We did our first state park trip, and actually got to go to a second one as well. We went to Johnson's Shut-Ins State Park in MO. It was very nice, more than enough space at our site to park another truck as big as ours. The weather even cooperated....as anyone who knows how the weather is here in the midwest-we got there on Friday and were wondering how bad the AC would struggle, and by Monday morning, I had to start the furnace to get the family out of bed. The other park we visited, which doesn't have a campground was Elephant Rocks State Park. It's about a half hour, if that, away, and a definite must see. I think it only cost $87 for Friday check-in, Monday check-out. Here's a link for anyone interested, the website is awesome as well. For most parks, you actually can see the site you'll be reserving. My link


----------



## WACOUGAR (Dec 20, 2006)

I don't post here to often anymore but just had to tell you about our great Labor Day weekend. We had reservations (DH grabbed them 9 months ago) at one of our favorite State Parks on Whidbey Island for the weekend (Fort Ebey State Park). We had our favorite site that has it's own path to the bluff that overlooks the Strait of Juan de Fuca. From this bluff you can see up to Canada and over to Port Townsend and down to Seattle. It is an amazing view! Their is a bench on the bluff just out from the path from our campsite and we love to sit on this bench in the evening with our glass of wine, etc... and watch the sunset. During this time of the year we also get the added bonus of watching the cruise ships as they head up towards Alaska. We saw 5 over the weekend!! We also spent Saturday in the lovely town of Coupeville. Had a great lunch at a new restaraunt. Yeah, I know!! Not exactly camping. But when you don't have kids with you, you kind of splurge. We are getting a bit closer to the Empty Nest thing. Our college aged daughter was home for the weekend with friends for the weekend for a concert so her sister (high school) didn't want to go with us so she could visit with her sister.

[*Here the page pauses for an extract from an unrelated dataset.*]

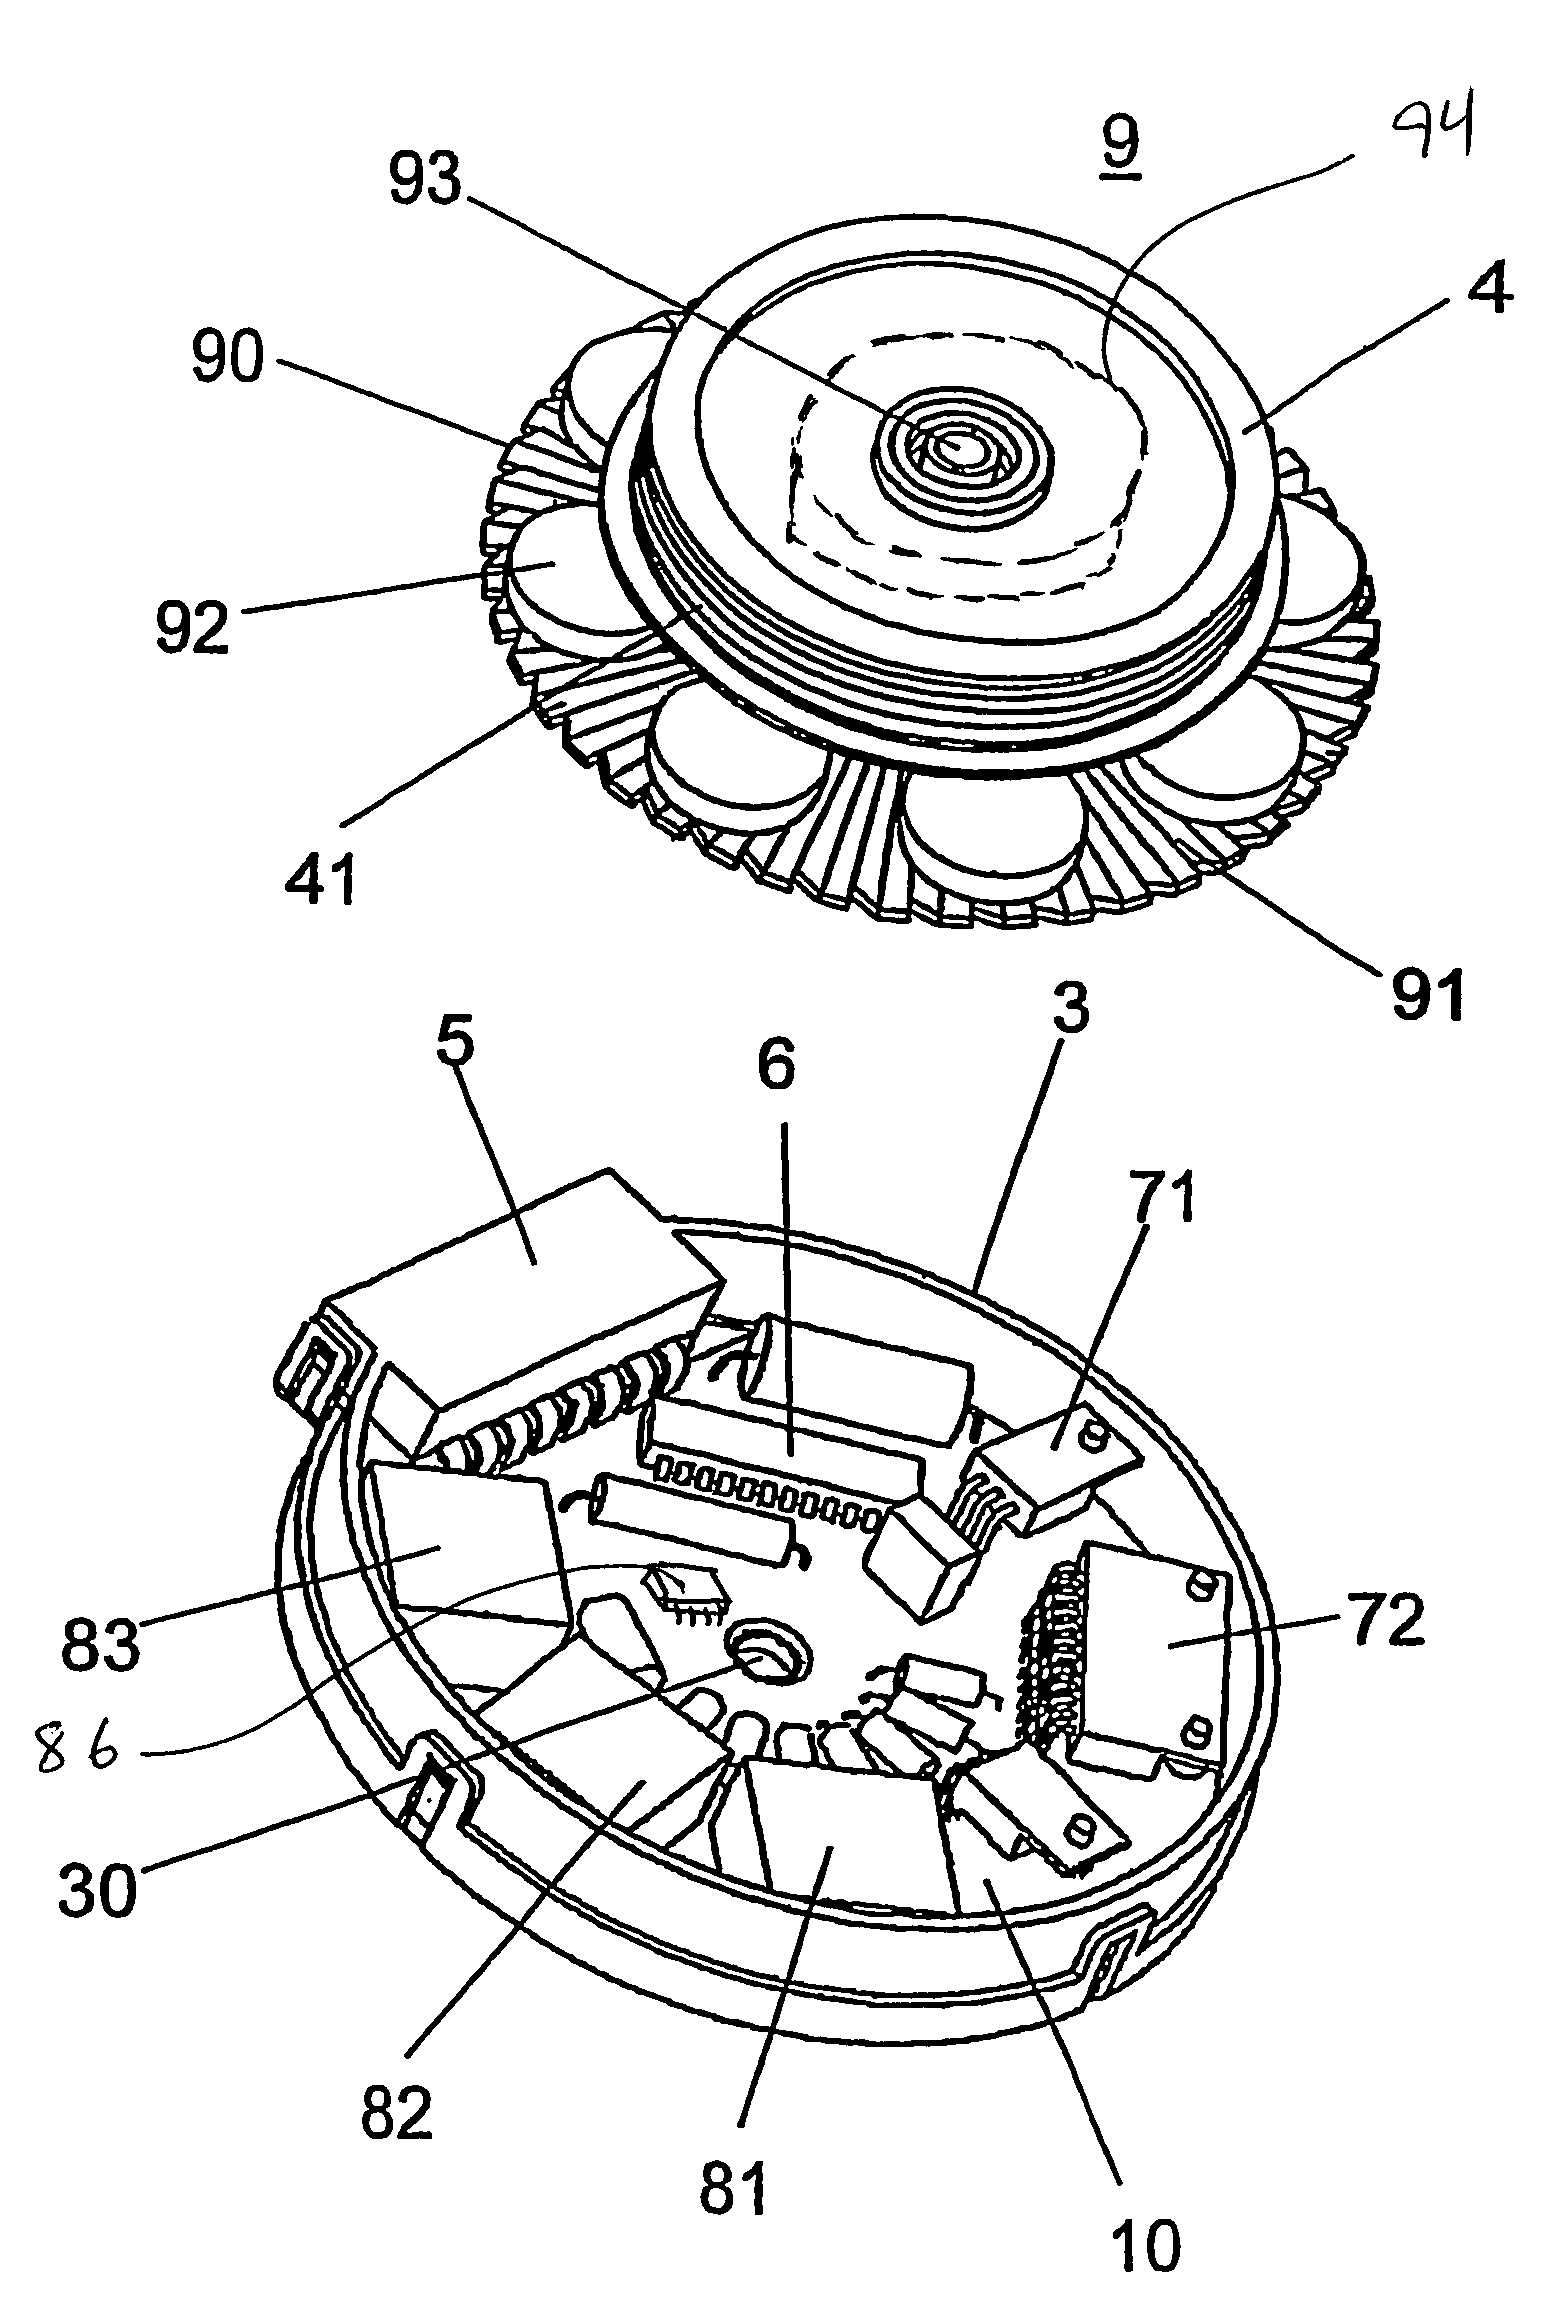 Drive unit comprising an electric motor for adjusting devices in motor vehicles

My husband spent a couple hours trying his luck at shore fishing but there was too much kelp and rocks so he caught more of that and not any fish. I enjoyed sitting on the beach reading and basking in the sun. Later we sat our chairs on the bluff and watched the sail boats and soaked up the sun (we just don't get enough of that)!!.

Anyway, it was a perfect weekend. You don't know what you're going to get around here when you make a reservation 9 months in advance, but we got lucky this time!! Can't wait til next year!!

Kelly


----------